I have this question here which says the following.
Let $A$,$B$ be $3 \times 6$ matrices with the following properties.
$(i)$ For every b$\epsilon \mathbb{R}^3$, rank$(A)$ $=$ rank$([A|b])$
$(ii)$ dim$($Row$(B)$$)$$=2$.
Answer the following questions.
$(a)$ What is rank$(A)$?
My reasoning: I know that rank$(A)\leq \min(m,n)$ but I am not sure if that justifies in me saying that rank$(A)=3$. I want to say yes, but I am not certain.
$(b)$ What is nullity$(B)$?
My reasoning: rank$(B)+{}$nullity$(B)=$ # of columns.
Therefore, $2$+nullity$(B)$ $=6$
nullity$(B)$ $=6-2$
nullity$(B)$ $=4$
$(c)$ Is there a vector b$\epsilon \mathbb{R}^3$ such that $A$x=b is consistent?
My reasoning: Yes there is. Since rank$(A)$ $=$ rank$([A|b])$, there must be a consistent solution.
$(d)$ Is there a vector b$\epsilon \mathbb{R}^3$ such that $B$x=b is consistent?
My reasoning: Yes there is. Since rank$(B)$ $=2$, this means that rank$(B)$ $<6$ so the system is not only consistent, but has infinitely many solutions.
$(e)$ Is there a non-zero vector x $\epsilon \mathbb{R}^6$ such that Ax=$0$ and Bx=$0$ simultaneously?
I'm not sure about this one... Any guidance would be much appreciated!

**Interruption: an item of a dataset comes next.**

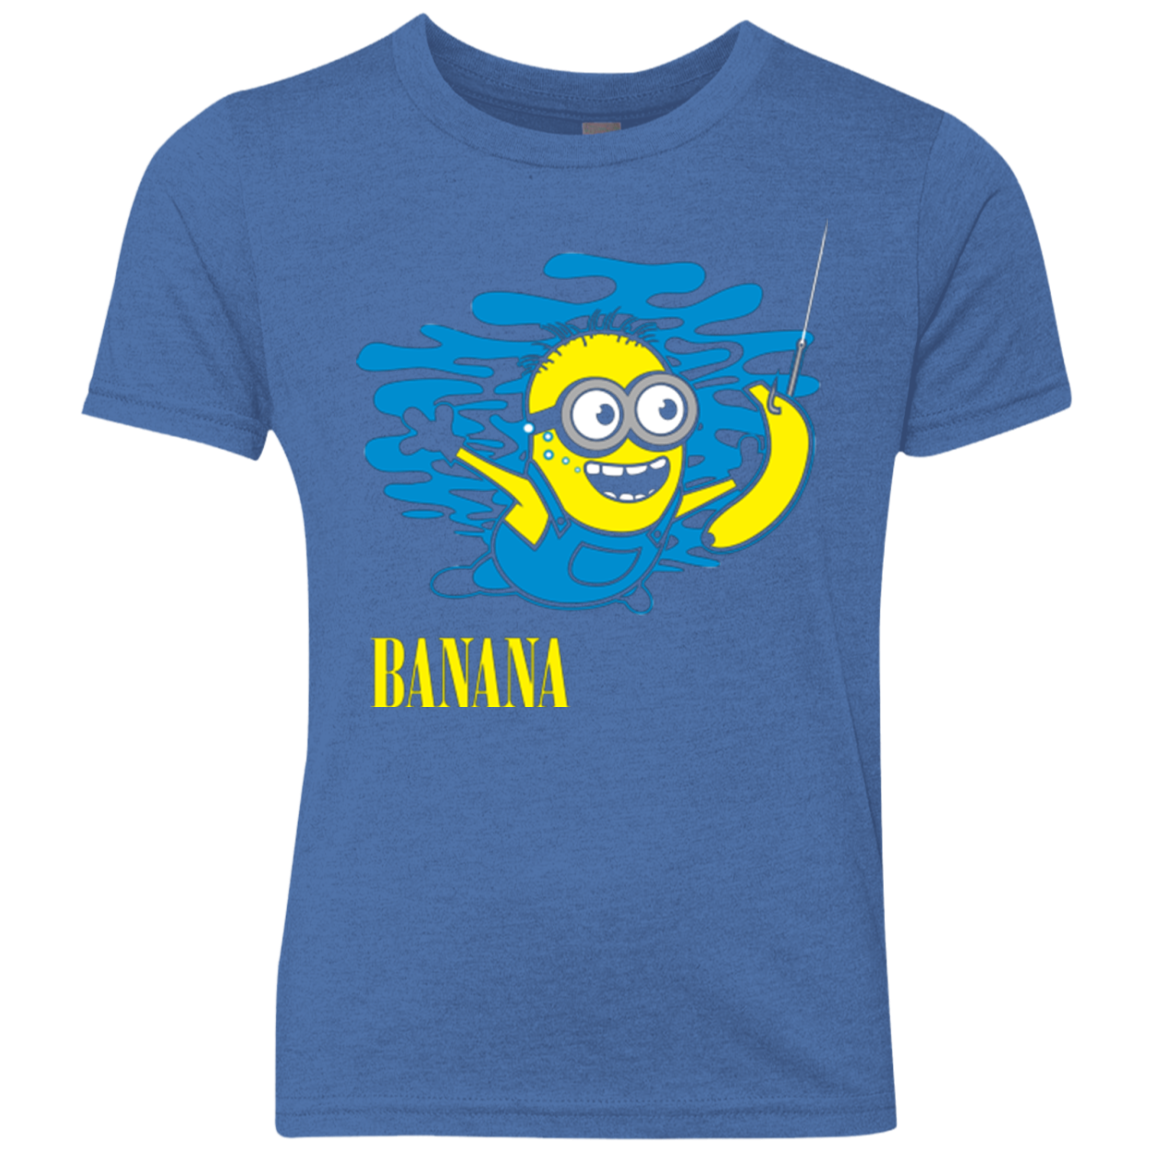 Nirvana Banana Youth Triblend T-Shirt

Are my other answers reasonable? Thanks!
(a) The answer is correct but the argument is not quite there. From the given information we can say that every $b\in \mathbb{R}^3$ is in the column space of $\mathbb{R}^3$. Why we can conclude that the rank of $A$ is 3 from this fact?
(b) It is ok.
(c) The argument needs to be more precise.
(d) You need to connect the relationship between the rank and the consistency of system of equations.
(e) Use the fact that $\text{dim}(U+V)=\text{dim}(U)+\text{dim}(V)-\text{dim}(U\cap V)$.
For part (e) try this way. From the previous part we know that $\text{nullity}(A)=3$ and $\text{nullity}(B)=4$. Let $X=\{x_1,x_2,x_3\}$ and $Y=\{y_1,y_2,y_3,y_4\}$ be respectively be the basis of nullspace of $A$ and $b$.
We want to show that $\text{null}(A)\cap \text{null}{B}\neq \emptyset$. Assume otherwise and show that the assumption leads to the conclusion that $ X\cup Y$ is linearly independent, which is impossible (why?)